Curioso também que nesses tempos ditos pós-históricos essa pintura retorne a um privado historicismo, interrompendo, de certa maneira, uma direção de anos e anos. Oportunidade de pausa ou descanso de certos valores pictórico arduamente conquistados, até mesmo da tão característica e única monocromia. Desindentificando-se, talvez dissimulando-se para reencontrar o ambicioso programa do início que implicava, nada menos, que uma revisão histórica da pintura em seus momentos fundamentais. Empreendimento sem qualquer heroísmo nostálgico, muito mais, sem dúvida, tarefa íntima de pintor, do pintor que pode se reexaminar telescopicamente, com franqueza, surpresa e, talvez, emoção. Mais que remakes, auto-apropriações, são encontros/confrontos plástico-temporais. O Homem Construtivista Excitado, desenho de 1977, a mancha vermelha do Auto-retrato de 1973, Rubens on the beach de 1978, estão de volta, assim como outros elementos que retornam após a ruptura de 1978 entre artista e pintor. Ruptura que, na época, determinou uma transformação crítica: o razoavelmente bem sucedido artista da maleta executiva; o conceitual do trauma político iria ter que reaprender a pintar, começar do início, iniciar um novo círculo. Dito isso, parece evidente que não se trata de um caso de reconciliação, não há antagonismo entre um e outro, muito mais continuidade de posição ante a arte. Um e outro, o mesmo que hoje se vê no outro.

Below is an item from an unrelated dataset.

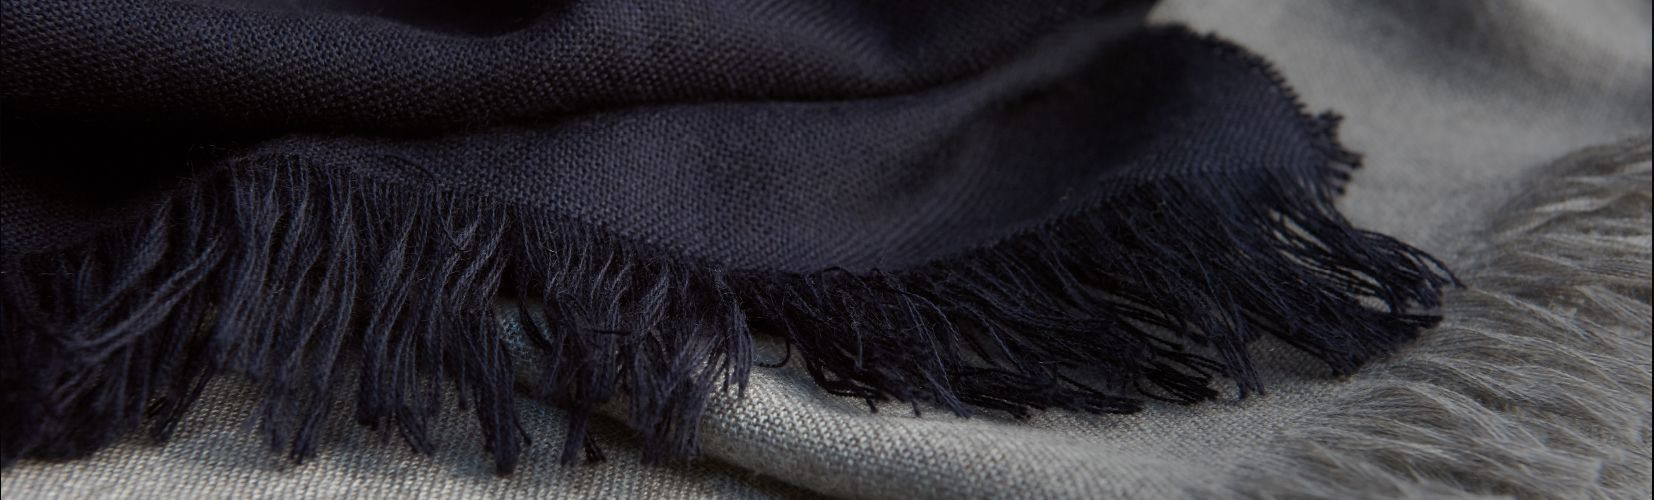 Huntsman Saville Row Accessories Shop Header Image - Navy and Grey Cashmere Scarves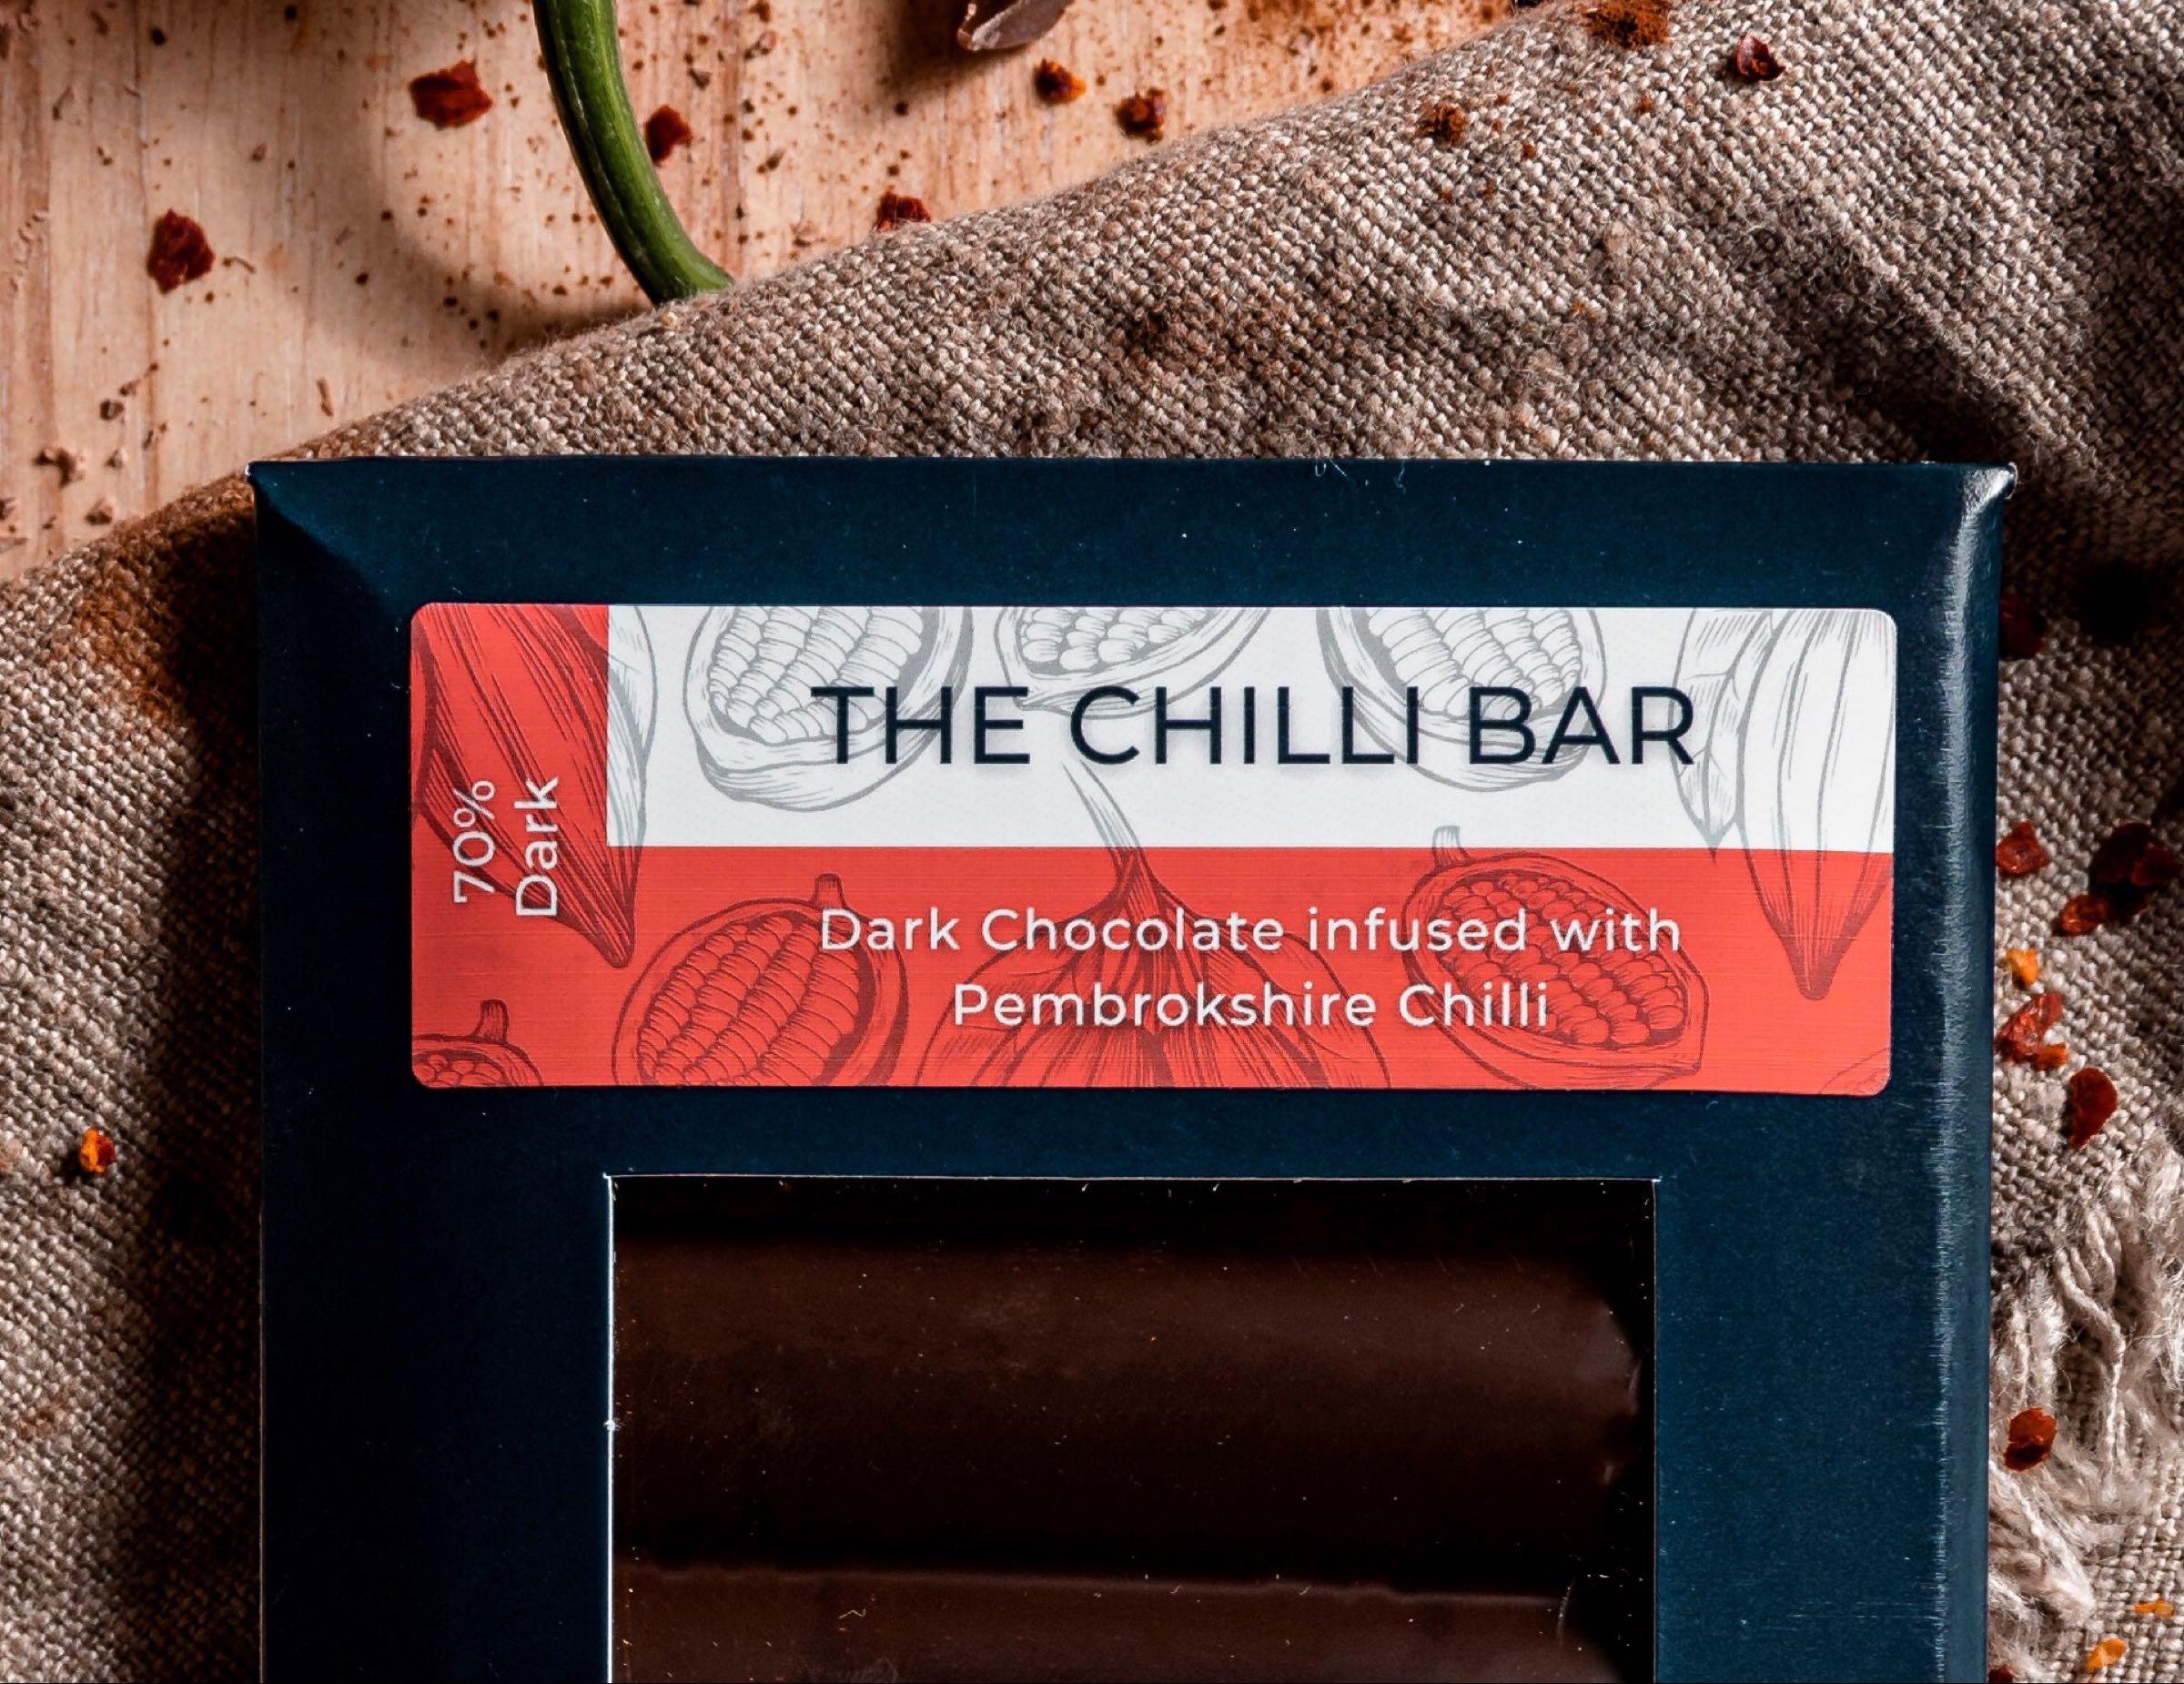 70% Dark Chocolate and Pembrokeshire Chilli

Temos uma nova versão de Quem Tem Medo de Verde, Amarelo, Azul e Barnett Newman?; 25 anos depois os dois pólos ainda tensionam, ainda movem o trabalho adiante. Lado a lado, hoje e ontem a mesma questão histórica ainda permanece; a nossa modernidade conquistada e insuficiente em curso avançado. História e memória, o mesmo desafio existencial/artístico continua na ordem do dia.
Círculo – ou ciclo – quando se fecha termina, quando se reencontra recomeça.